Capecitabine as Maintenance Therapy vs Observation in Early-stage Triple-negative Breast Cancer

Beni-Suef University

Status and phase

Completed

Phase 2

Conditions

Triple -Negative Breast Cancer

Treatments

Drug: capecitabine

Study type

Interventional

Funder types

Other

Identifiers

NCT07143097

FMBSUREC/10102021/Sayed

Details and patient eligibility

About

Eligible patients was assigned in a 1:1 ratio to receive either low-dose capecitabine maintenance (intervention group) which is newly diagnostic to be planned to receive capecitabine after finishing the standard adjuvant treatment or observation (control group) within 4 weeks after completion of standard adjuvant chemotherapy.

Full description

Eligible patients will randomly open label assigned in a 1:1 ratio to receive either low-dose capecitabine maintenance (intervention group) which is newly diagnostic to be planned to receive capecitabine after finishing the standard adjuvant treatment or observation (control group) within 4 weeks after completion of standard adjuvant chemotherapy.

The capecitabine maintenance group will receive oral capecitabine at 650 mg/m2, twice daily continuously for 1 year.

Total follow up of the study is 2 years, one year for drug receving with monthy follow up for adverse effect and the other year for every 3 months follow up to asses DFS and OS.
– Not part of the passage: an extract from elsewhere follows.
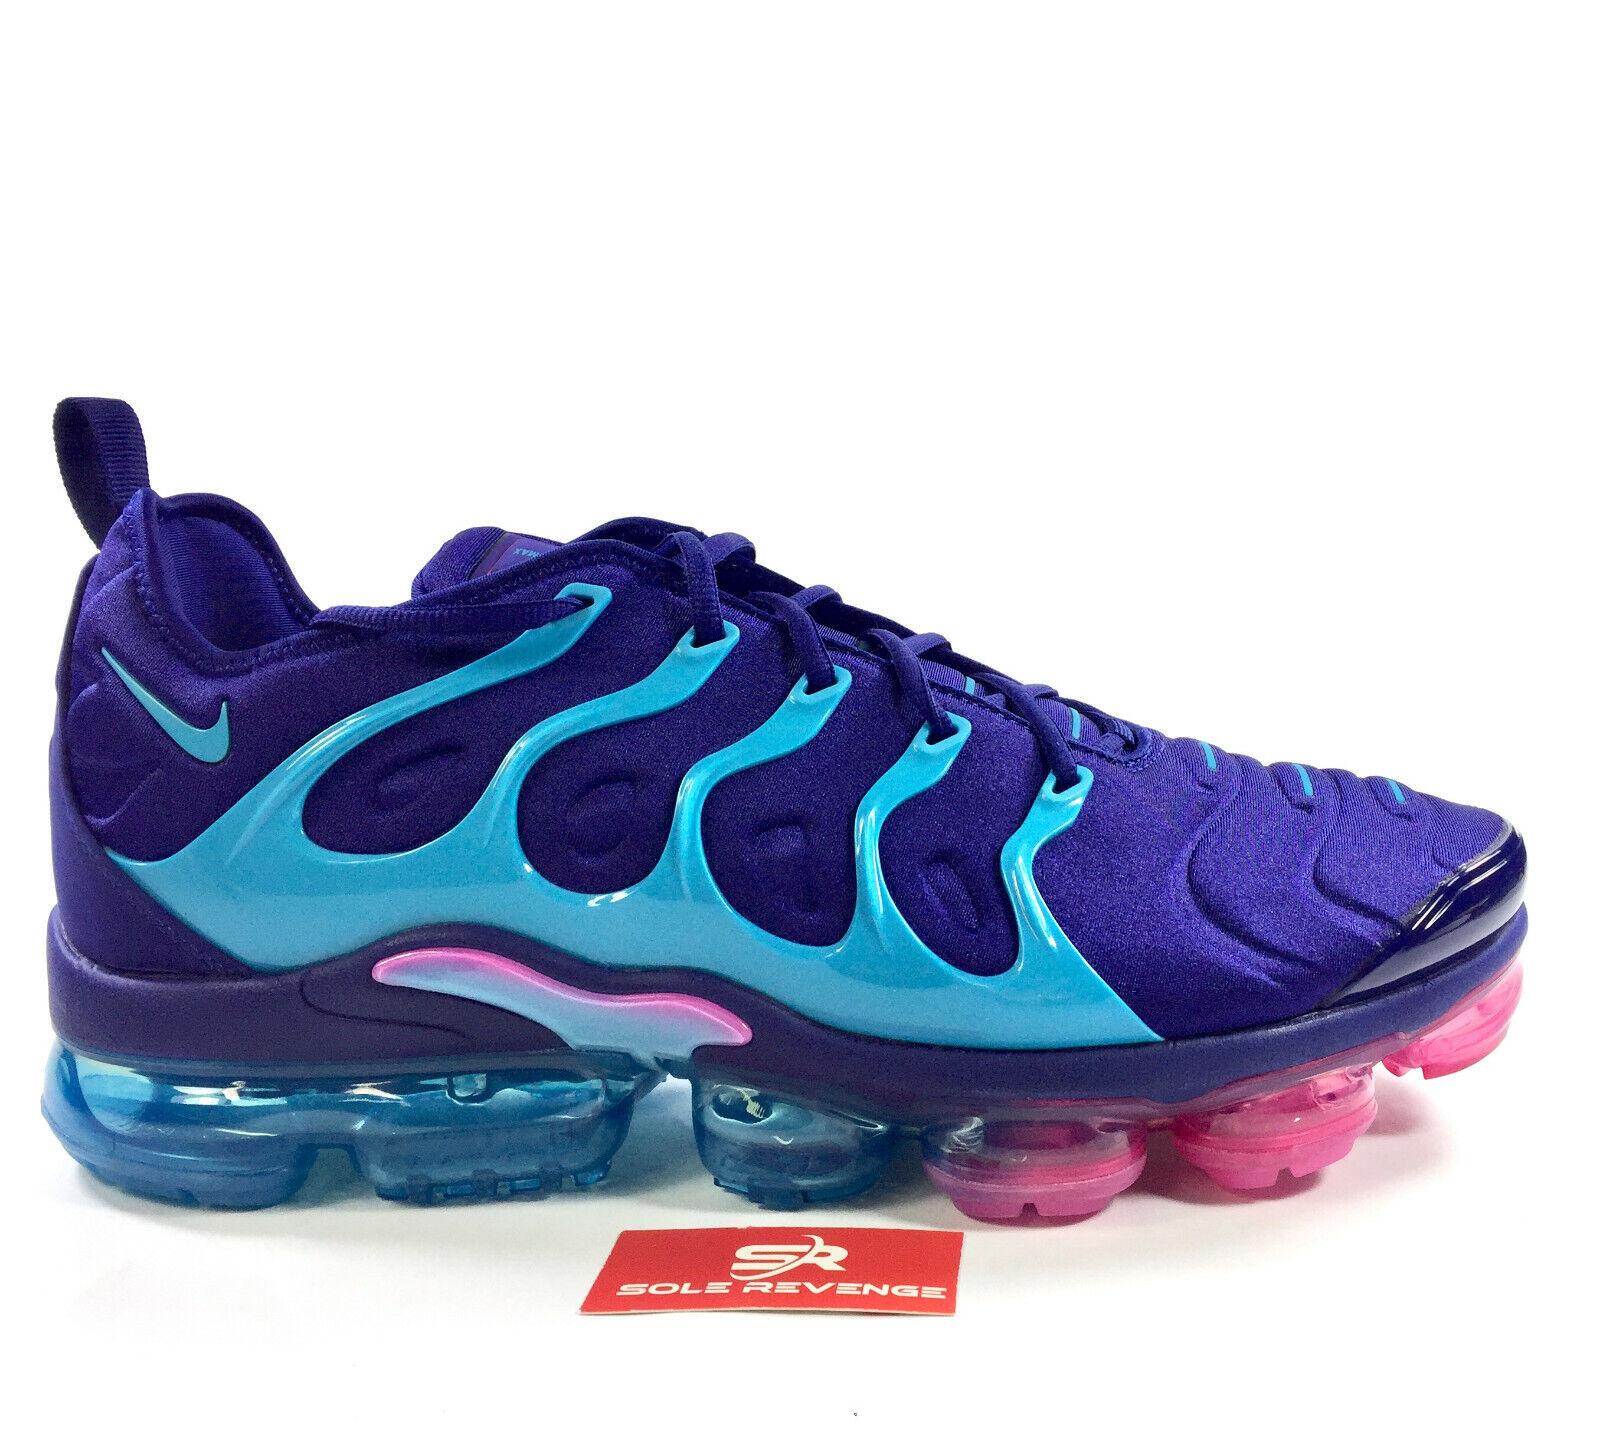 New Nike Air Vapormax Plus - V6079500  Regency Purple Light bluee Fury c1

Collection of capecitabine dose will receive and adverse events will assessed monthly during capecitabine maintenance in the capecitabine group. In both groups, physical examination, assessment of menopausal status, breast ultrasound, and abdominal ultrasound were performed every 3 months during 2 years of follow up; mammography and chest x-ray were performed yearly. Patients who has not experienced recurrence or death at the time of data analysis will censored as alive and event-free at the date of last follow-up.

Enrollment

80 patients

Sex

Female

Ages

18+ years old

Volunteers

No Healthy Volunteers

Inclusion criteria

Eligible trial participants will women who has pathologically confirmed invasive breast ductal carcinoma Hormone receptor negative (<1% positive cells by immunohistochemistry staining) and ERBB2 negative.

Participants had early-stage tumors that were stage T1b-3N0-3cM0, without positive supraclavicular or internal mammary lymph node.

They received standard treatments, including modified radical mastectomy or breast-conserving surgery, neo-/adjuvant chemotherapy, and radiotherapy according to institutional guidelines.

patients were able to swallow tablets
performance status 0 - 1

Exclusion criteria

Key exclusion criteria will include Inflammatory or bilateral breast cancer. History of invasive breast cancer or other malignancies; receipt of other biologic agents or immunotherapy.

Lactation or pregnancy; or severe coexisting illness.